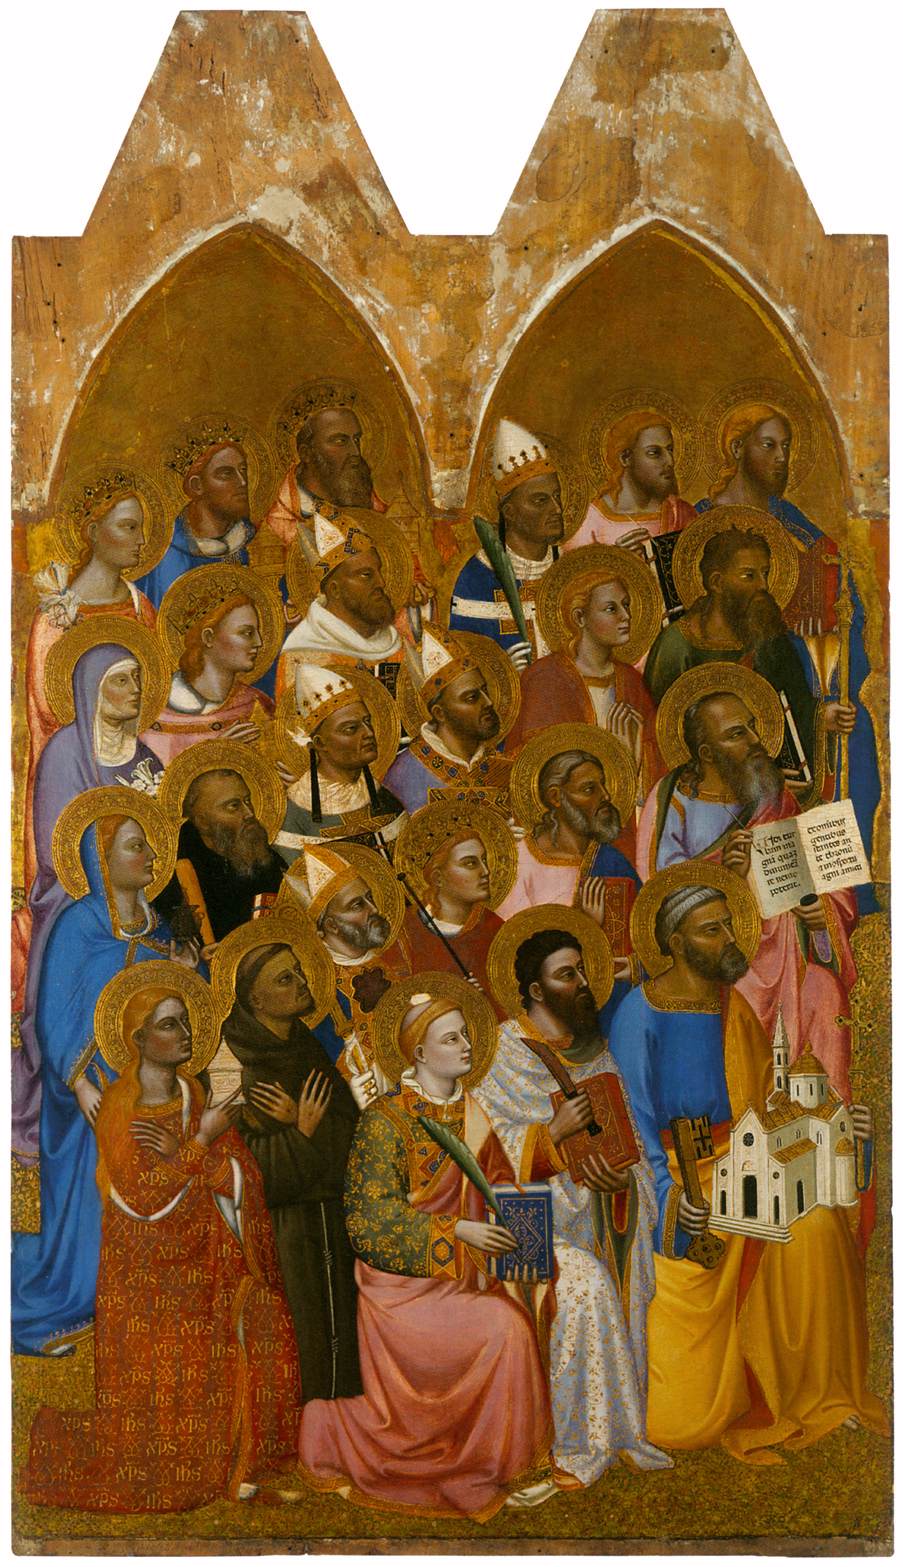 Altarpiece of San Pier Maggiore: The Saints Adoring
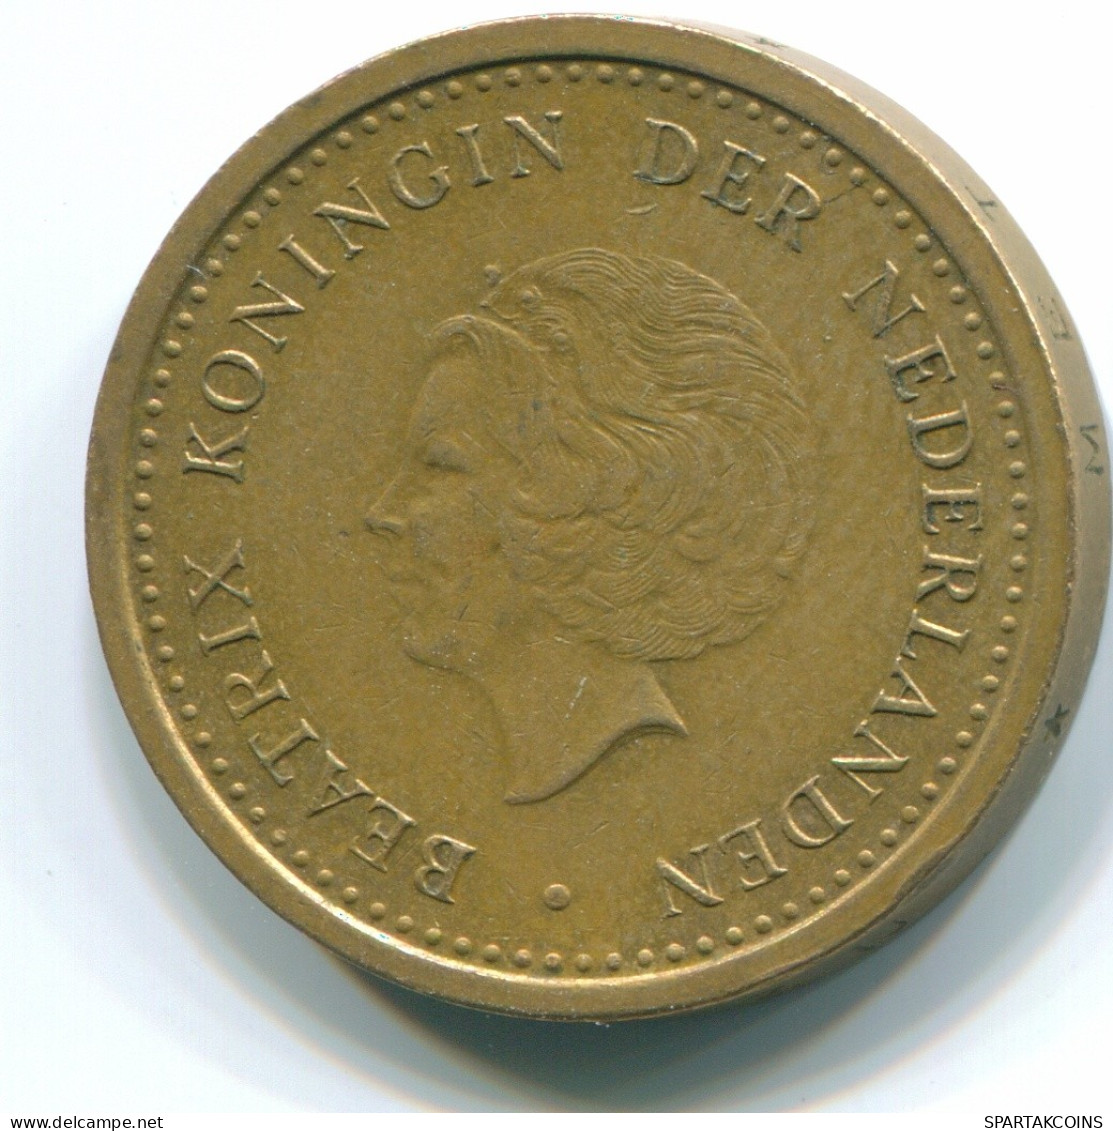 1 GULDEN 1990 NETHERLANDS ANTILLES Aureate Steel Colonial Coin #S12104.U.A - Netherlands Antilles
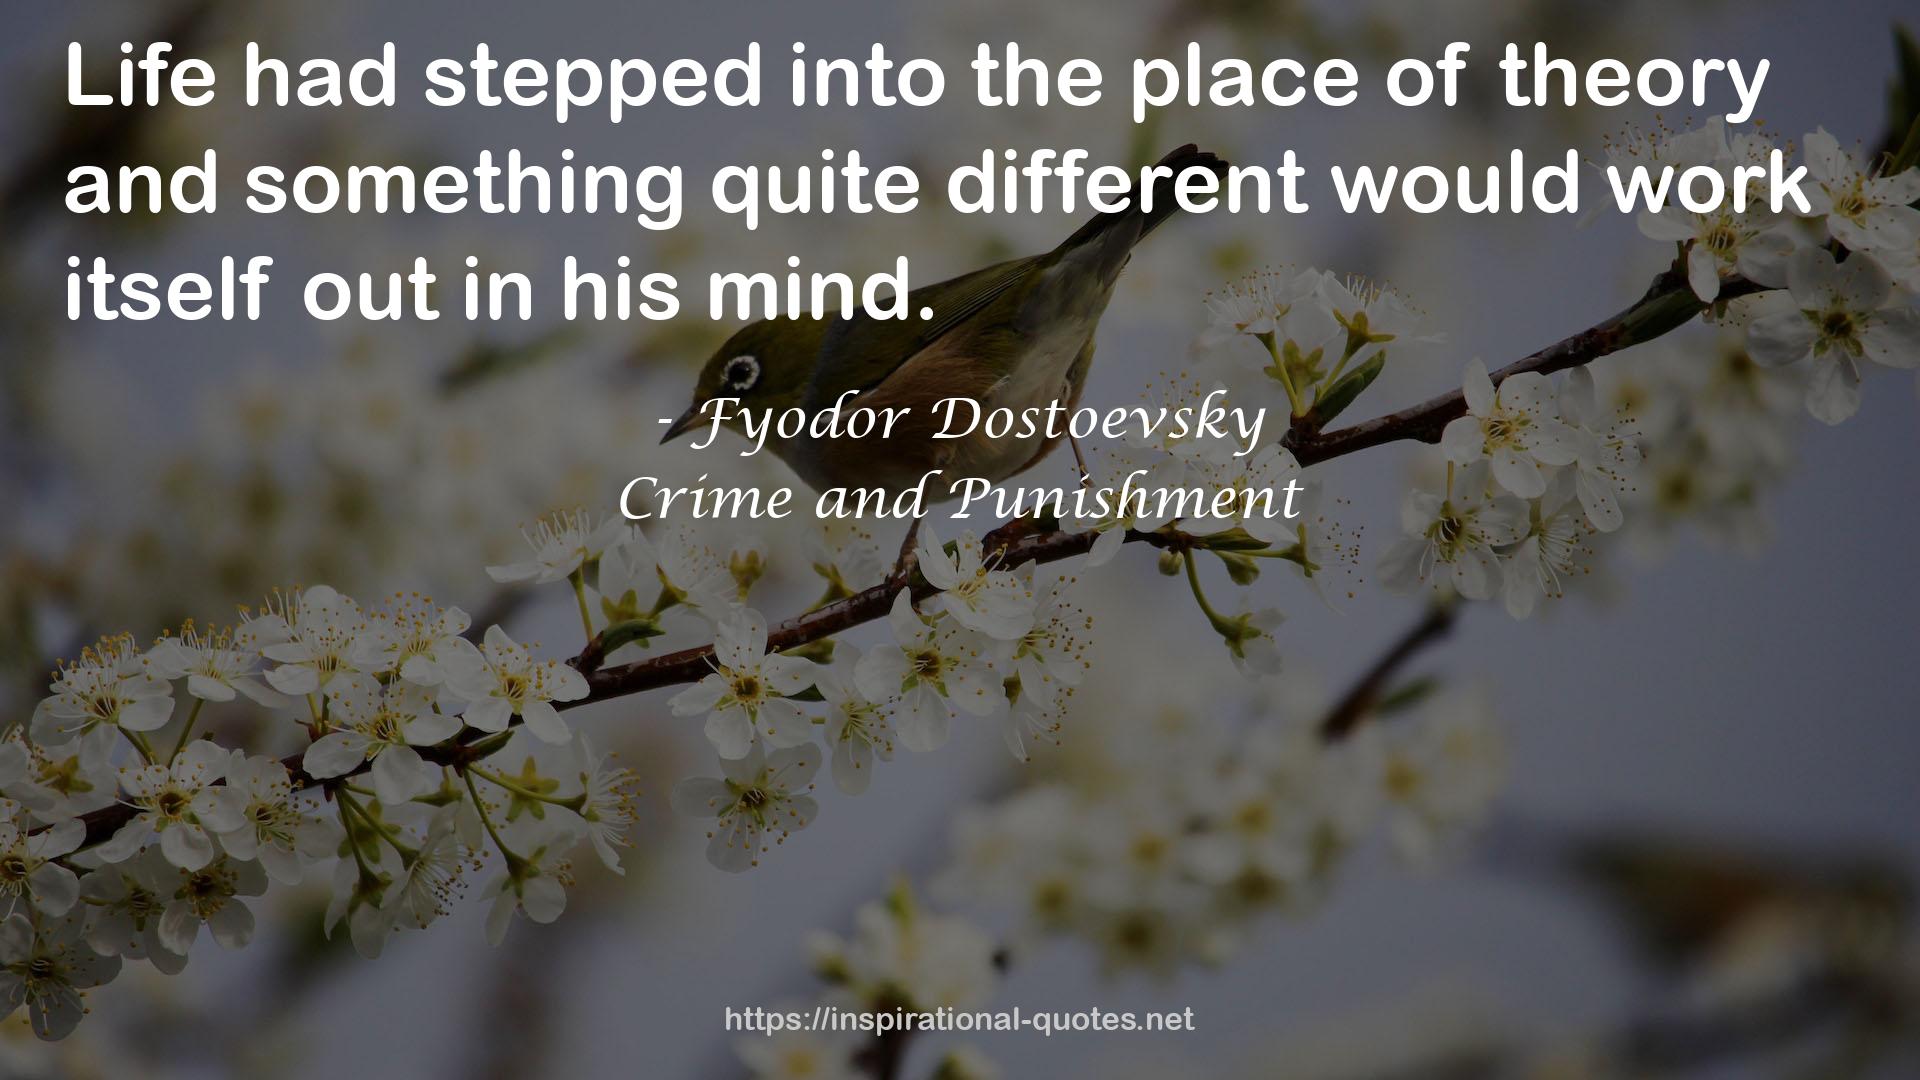 Fyodor Dostoevsky QUOTES
☆ ☆ ☆ ☆ ☆
For this exercise, write out the listing verbatim and leave every image out.

 Altarpiece of San Pier Maggiore: The Saints Adoring
 1 GULDEN 1990 NETHERLANDS ANTILLES Aureate Steel Colonial Coin #S12104.U.A - Netherlands Antilles
 Fyodor Dostoevsky QUOTES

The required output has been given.